The majority of patients in the warfarin (99.6%) and dabigatran cohorts (63.2%) completed the initial survey in 2012, whereas the majority in the rivaroxaban group (51.6%) completed the initial survey in 2013. All of the patients in the apixaban group completed the initial survey in 2014.

Patients in the warfarin cohort were slightly younger (mean 56.0 years) when diagnosed with atrial fibrillation compared with the NOAC cohorts (mean 62.3 years) and had a longer mean duration of atrial fibrillation (8 years warfarin vs 4 years NOAC; Table 2).

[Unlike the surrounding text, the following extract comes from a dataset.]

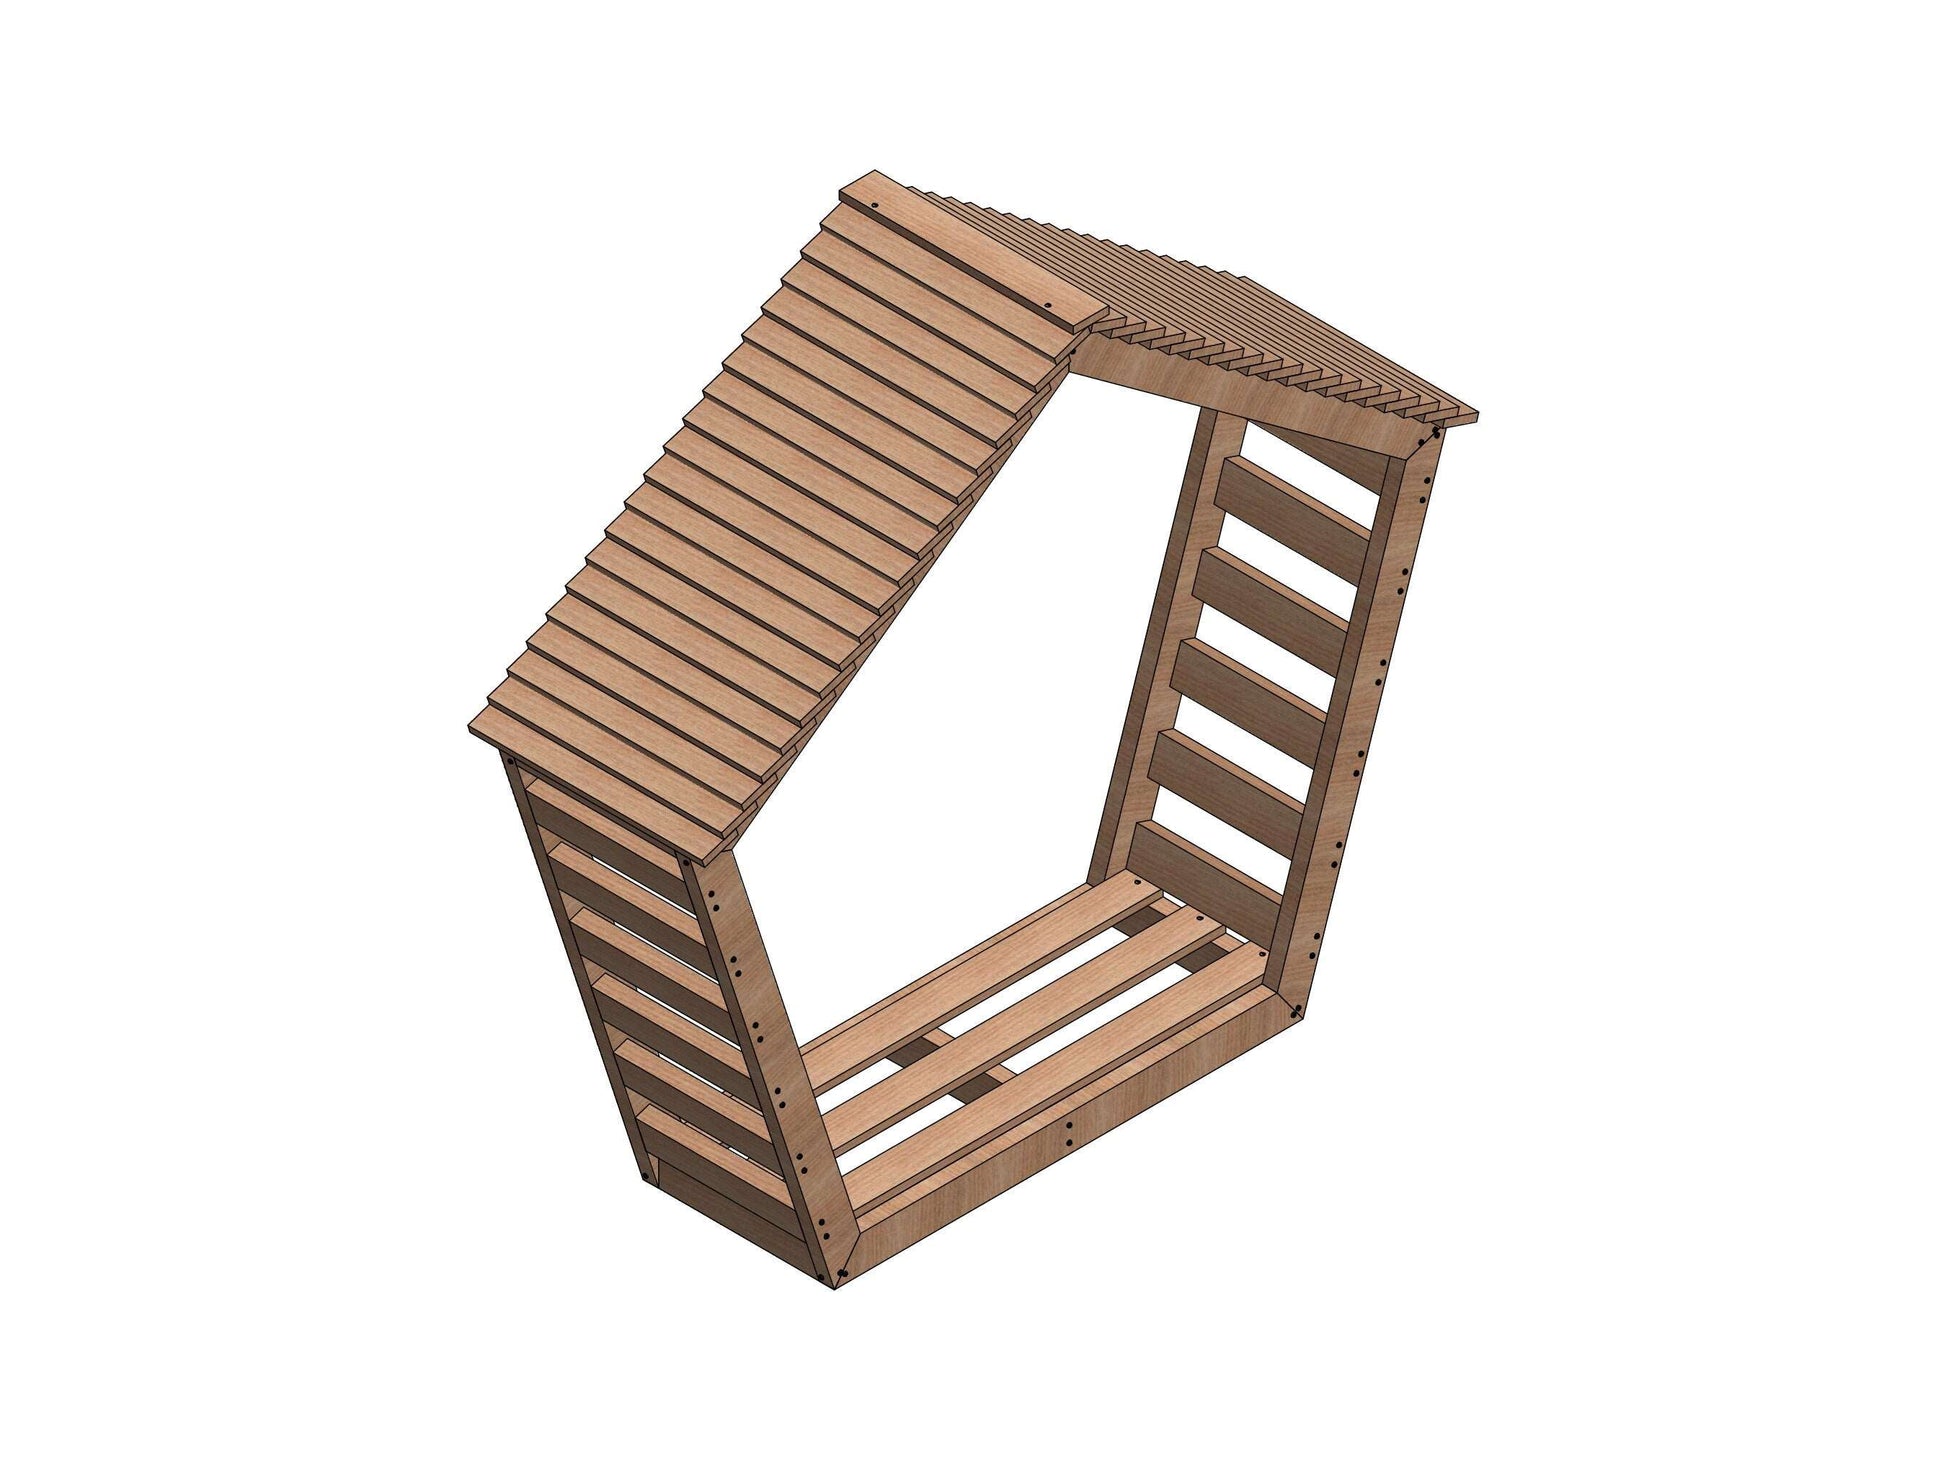 Modern Log Holder Plans- DIY plans for wooden pentagon shed

As expected, self-reported duration of current therapy reflected the order in which each medication entered the market: 53.9% of the warfarin group were on current therapy for longer than 5 years; 52.6% of the dabigatran group were on current therapy for 1 to 5 years; and 76.6% of the rivaroxaban and 100% of the apixaban groups were on current therapy for less than 1 year. A higher proportion of patients in the NOAC groups (81.6% dabigatran, 79.7% rivaroxaban, 90.0% apixaban) reported using at least one OAC other than their current medication, compared with 42.8% in the warfarin group. Across all treatment groups, cardiologists were most likely the initial and current prescribers of OAC treatment, although the proportion of primary care providers currently prescribing OACs was greater than initial prescribers.

Table 2 Clinical characteristics overall and by OAC cohort at initial survey

Characteristics	All patients (N=675)	Warfarin (n=271)	Dabigatran (n=266)	Rivaroxaban (n=128)	Apixaban (n=10)
Age diagnosed with AF, years, mean (SD)	59 (12.0)	56 (11.3)	61 (12.0)	63 (12.0)	63 (13.2)
Duration of AF, years, mean (SD)	6 (6.6)	8 (6.9)	5 (6.6)	4 (5.2)	3 (3.4)
Specialty of doctor who “originally” prescribed current OAC, n (%)
Cardiologist	559 (82.8)	204 (75.3)	237 (89.1)	110 (85.9)	8 (80.0)
Primary care provider	89 (13.2)	54 (19.9)	22 (8.3)	11 (8.6)	2 (20.0)
Other	20 (3.0)	10 (3.7)	5 (1.9)	5 (3.9)	0 (0)
Do not know/refused	7 (1.0)	3 (1.1)	2 (0.8)	2 (1.6)	0 (0)
Specialty of doctor who “currently” prescribes current OAC, n (%)
Cardiologist	475 (70.4)	157 (57.9)	209 (78.6)	100 (78.1)	9 (90.0)
Primary care provider	175 (25.9)	100 (36.9)	49 (18.4)	25 (19.5)	1 (10)
Other	21 (3.1)	12 (4.4)	7 (2.7)	2 (1.6)	0 (0)
Do not know/refused	4 (0.6)	2 (0.7)	1 (0.4)	1 (0.8)	0 (0)
Duration of current OAC, n (%)
<1 year	252 (37.3)	21 (7.7)	123 (46.2)	98 (76.6)	10 (100)
1–5 years	271 (40.1)	103 (38)	140 (52.6)	28 (21.9)	0 (0)
>5 years	147 (21.8)	146 (53.9)	1 (0.4)	0 (0)	0 (0)
Do not know/refused	5 (0.7)	1 (0.4)	2 (0.8)	2 (1.6)	0 (0)
Used ≥1 OAC other than current OAC, n (%)	444 (65.8)	116 (42.8)	217 (81.6)	102 (79.7)	9 (90.0)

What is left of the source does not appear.